Repeat for VTI and BND.


In [22]:
vti_bnd = pandas.DataFrame({
    'reward': pandas.Series([(r*prices_norm.vti + (1-r)*prices_norm.bnd).pct_change().mean() for r in pct_vti], index=pct_vti),
    'risk': pandas.Series([(r*prices_norm.vti + (1-r)*prices_norm.bnd).pct_change().std() for r in pct_vti], index=pct_vti)
})
ax = vti_bnd.plot(secondary_y='risk')
ax.set_xlabel('Percent of portfolio in VTI')
ax.set_ylabel('Mean of daily percent change')
ax.right_ax.set_ylabel('Standard deviation of daily percent change')
title('VTI vs. BND: Reward and Risk')


Out[22]:
<matplotlib.text.Text at 0x10cc528d0>

In [23]:
reward_over_risk = vti_bnd.reward/vti_bnd.risk
reward_over_risk.plot()
xlabel('Percent of portfolio in VTI')
ylabel('Reward/Risk')


Out[23]:
<matplotlib.text.Text at 0x10cc72690>

Reward/risk is mazimized at 14% VTI and 86% BND.


In [24]:
reward_over_risk.argmax()


Out[24]:
0.41000000000000003

Find the maximum reward given a risk constraint.

Suppose that we require the standard deviation of the daily percent change to be less than 0.01.

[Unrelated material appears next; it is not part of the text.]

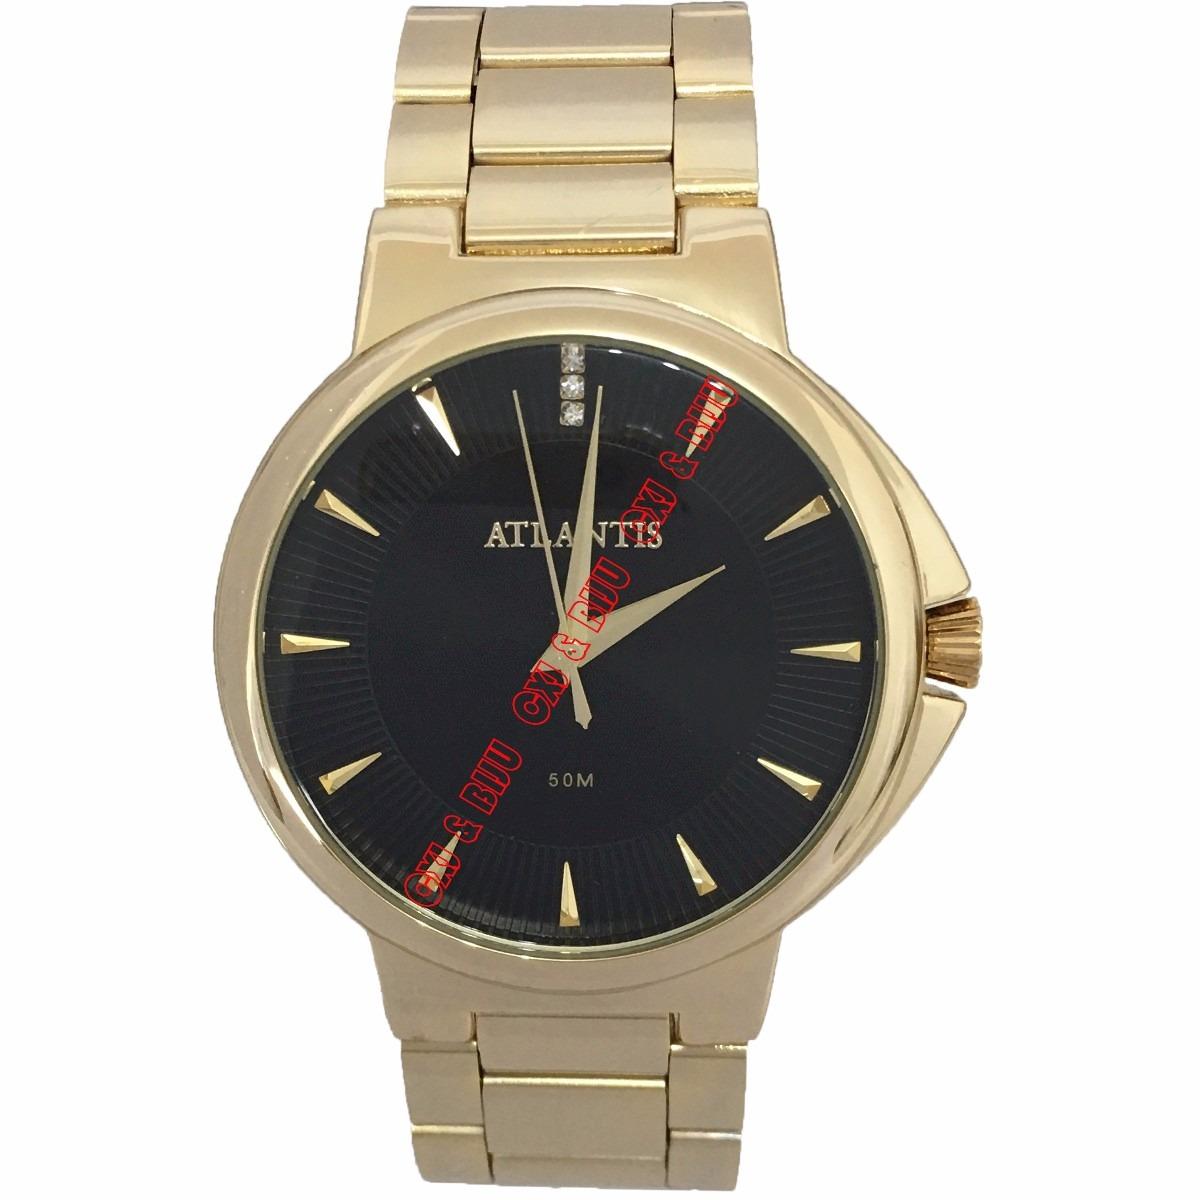 7a5f5678b33 Relógio Feminino Atlantis Aço Folheado Ouro Diametro 4

Given this risk constraint, reward is maximized at 77% VTI and 23% BND.


In [25]:
vti_bnd[vti_bnd.risk < 0.01].iloc[-1]


Out[25]:
reward    0.000800
risk      0.007029
Name: 0.99, dtype: float64

Plot the trajectory of three hypothetical portfolios.


In [26]:
portfolios = pandas.DataFrame({
    'bnd heavy': 0.15*prices_norm.vti + 0.15*prices_norm.iau + 0.70*prices_norm.bnd,
    'iau heavy': 0.15*prices_norm.vti + 0.70*prices_norm.iau + 0.15*prices_norm.bnd,
    'vti heavy': 0.70*prices_norm.vti + 0.15*prices_norm.iau + 0.15*prices_norm.bnd,
    'mixed':     0.45*prices_norm.vti + 0.43*prices_norm.iau + 0.12*prices_norm.bnd,
})
portfolios.plot()


Out[26]:
<matplotlib.axes.AxesSubplot at 0x10c44c790>

Get the statistics of these portfolios.


In [27]:
portfolios.pct_change().describe()


Out[27]:
bnd heavy iau heavy mixed vti heavy
count 467.000000 467.000000 467.000000 467.000000
mean 0.000089 -0.000305 0.000161 0.000522
std 0.002568 0.007536 0.005703 0.005609
min -0.017204 -0.062706 -0.045805 -0.028828
25% -0.001041 -0.003362 -0.002408 -0.002371
50% 0.000293 0.000025 0.000579 0.000952
75% 0.001456 0.003327 0.003191 0.004036
max 0.012962 0.031291 0.022142 0.015467

So what does this all mean? I have no idea.